In disaster, what’s for dinner?

Special to The Times

WHEN a disaster strikes, the ideas of eating smart and staying well hydrated take on new meaning.

Under normal conditions, food is a way to optimize health. But a disaster turns the tables. So what’s the minimum that you need to survive a disaster, natural or otherwise?

For the record:
12:00 AM, Sep. 21, 2005 For The Record
Los Angeles Times Wednesday September 21, 2005 Home Edition Main News Part A Page 2 National Desk 1 inches; 53 words Type of Material: Correction
Disaster preparedness -- A photo of an Alabama family with an article about disaster preparedness in Monday’s Health section was credited to Times staff photographer Eric Boyd, but should have been credited to Times staffer Genaro Molina. A photo of recommended food supplies that had no credit should have been credited to Boyd.

Here’s the advice from experts who study these questions for the military, for international groups and for the Institute of Medicine, an arm of the National Academy of Sciences.

* Potable water is a priority. As Hurricane Katrina demonstrated so vividly, water is likely to be in short supply after a disaster. Drinking just a quart of water a day “will allow you to survive, although not very comfortably,” said Michael Sawka, director of the U.S. Army Research Institute of Environmental Medicine in Natick, Mass.


Ideally, healthy adult men need nearly four quarts daily, and women nearly three, to stay hydrated. But World War II military studies of troops stuck in the desert showed that they survived on as little as a quart a day of water for about a week.

Water-filled foods and other beverages can be additional ways to stay hydrated. Canned fruit and vegetables, as well as such beverages as juice, coffee, tea, milk, sports drinks and sodas, can sustain a person. Other options: frozen fruit, juice and vegetables for about a day after the electricity goes off.

If you’re stocking provisions in case of a disaster, experts say to figure on a minimum of a quart of water per person per day, or three quarts per person for more comfort. That works out to up to three gallons per day for a family of four, or 21 gallons for a week.

For about $75, you can buy a hand-operated water purifier that removes nearly all waterborne bacteria and viruses. Germicidal tablets run about 10 cents each and will purify water of many disease-causing bacteria and viruses, although the water will have a bad aftertaste. Neither will remove chemical contaminants.

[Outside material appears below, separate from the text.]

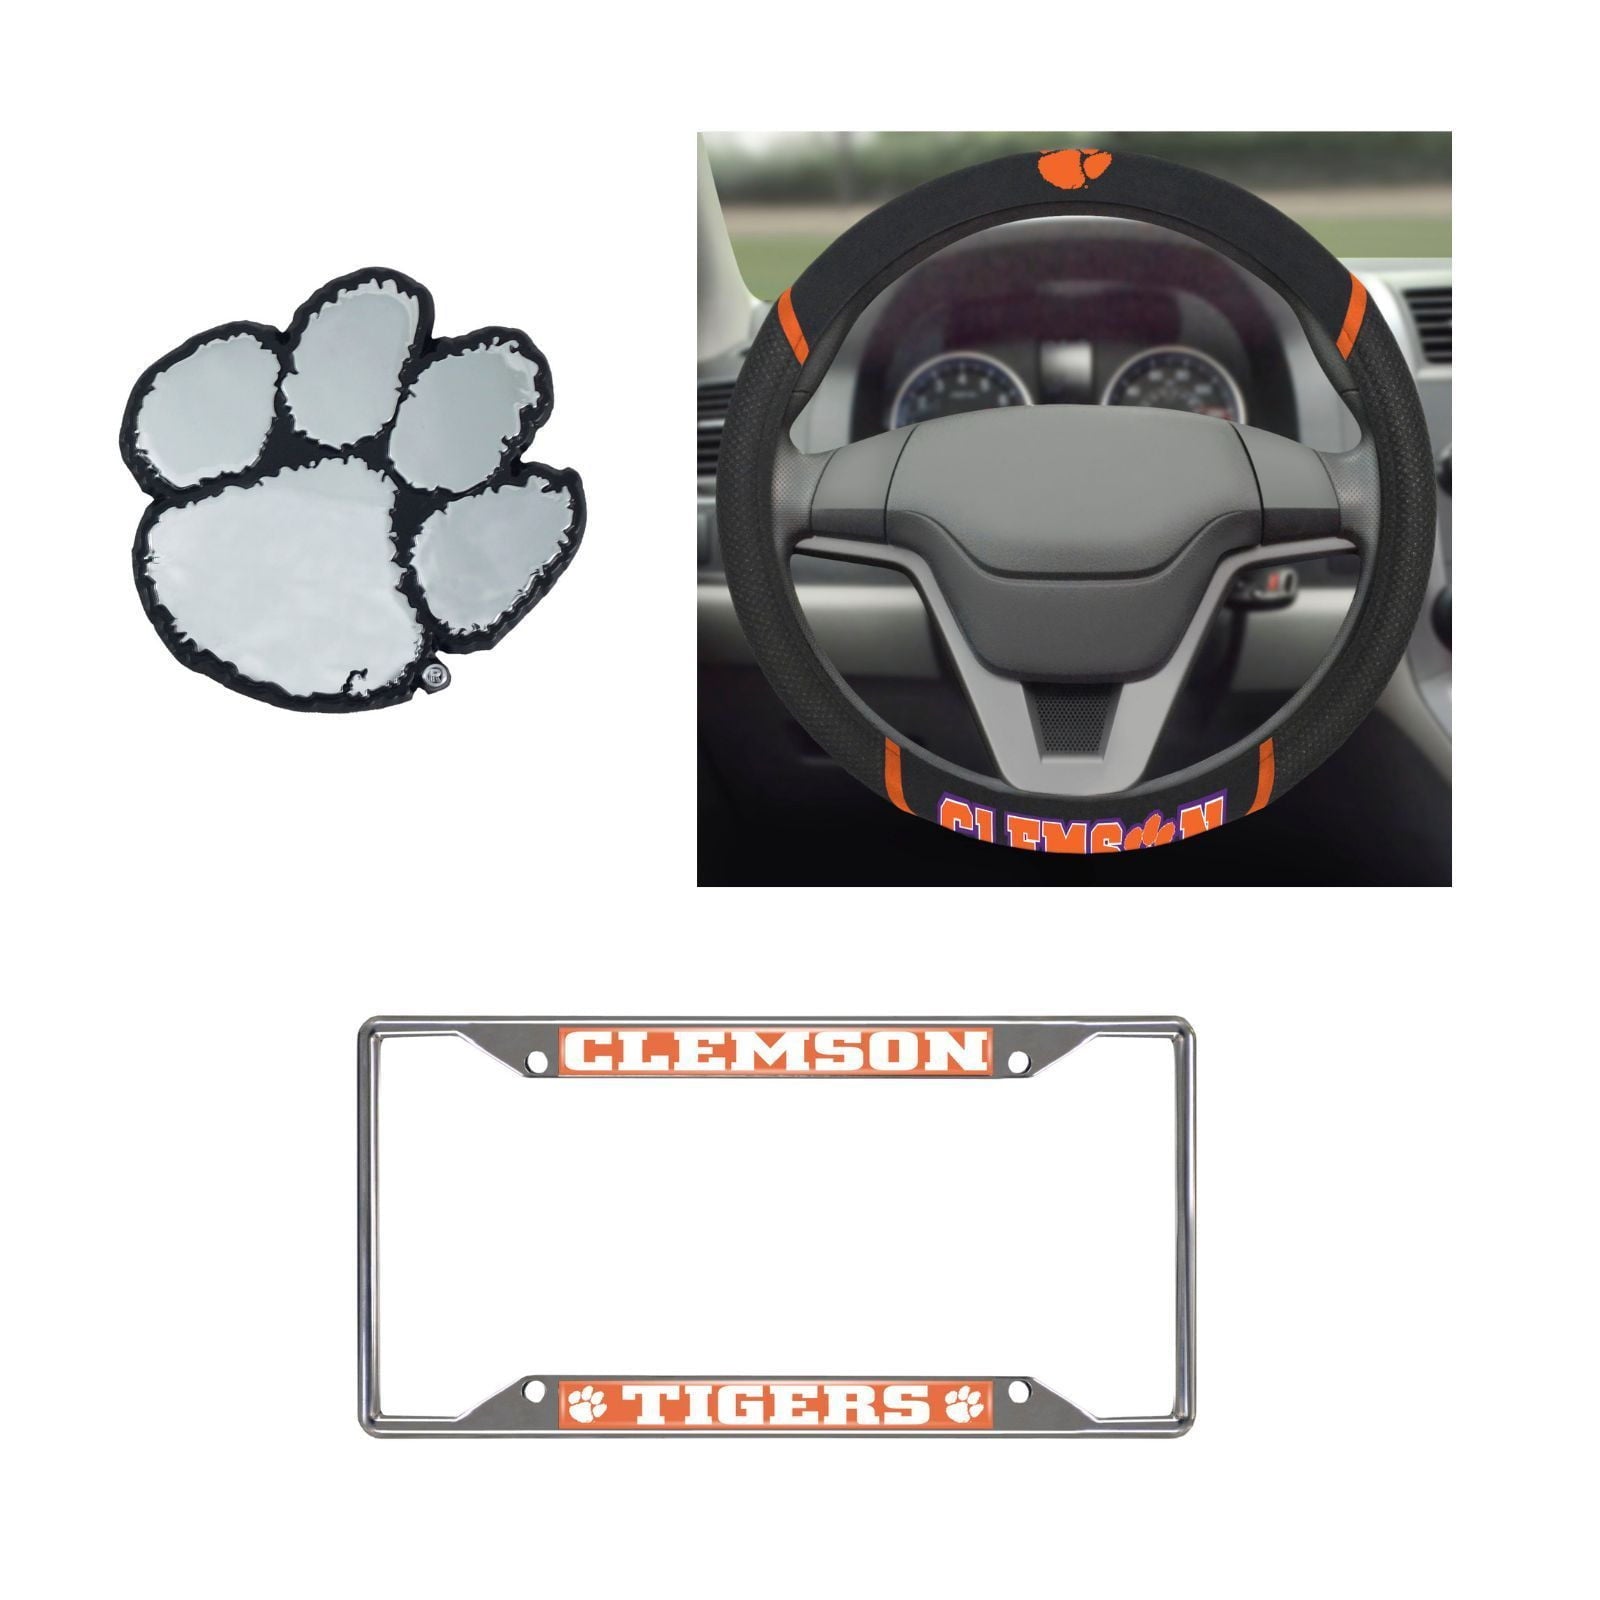 Clemson Tigers Steering Wheel Cover, License Plate Frame, 3D Chrome Emblem

* Starving to death is unlikely. If you have water, you “can go weeks without food,” says Scott Montain, a research physiologist at the Army Research Institute. “Although you might not feel very happy.”

Exceptions are the very young, the elderly and those with health concerns including kidney disease, diabetes, heart problems, cancer and high blood pressure. No food, a sudden halt in medicine and no medical treatment can tip the balance in these vulnerable groups and produce complications such as irregular heartbeat, stroke, heart attack, coma and death.

* Return to basics. Most disasters knock down power lines, making refrigeration and cooking unlikely. But there are plenty of nutritious, good-tasting foods that have long shelf lives and don’t require refrigeration or cooking. Top of the list: peanut butter. Get unsalted or lightly salted; too much sodium may increase thirst.

Other good choices include tinned crackers, jerky (beef or turkey), dried fruits and vegetables, and shelf-stable pasteurized cheese such as Velveeta or canned grated Parmesan. “They’ll last up to a year or more,” said Dean Sommer, a cheese researcher at the University of Wisconsin’s Center for Dairy Research in Madison. Unlike other cheese, even after opening these pasteurized cheeses “will still be fine to eat” without refrigeration, Sommer said.

Nuts, chocolate, trail mix and many energy bars also have long shelf lives and are packed with calories -- a benefit when food is scarce. Canned food such as beans, soup, fish, chicken and tomato sauce with pasta are other good options. So are cooked foods that don’t require can openers, including vacuum packets of tuna, rice, shelf-stable puddings, Jell-O, applesauce and fruit cups, UV-radiated cartons of milk and soup. Once opened, however, consume these foods right away or discard them if you don’t have refrigeration, because they can otherwise grow disease-causing bacteria.

* Consider a tip from the military: Stock some meals ready to eat (MREs). Two dozen varieties include beef stew, chicken fajitas and vegetable manicotti. They’ll last three years at 80 degrees and require no water, refrigeration or heating. Each meal provides about 1,200 calories and costs about $8 ($80 for a box of 12 meals). Find them online or at Army-Navy stores.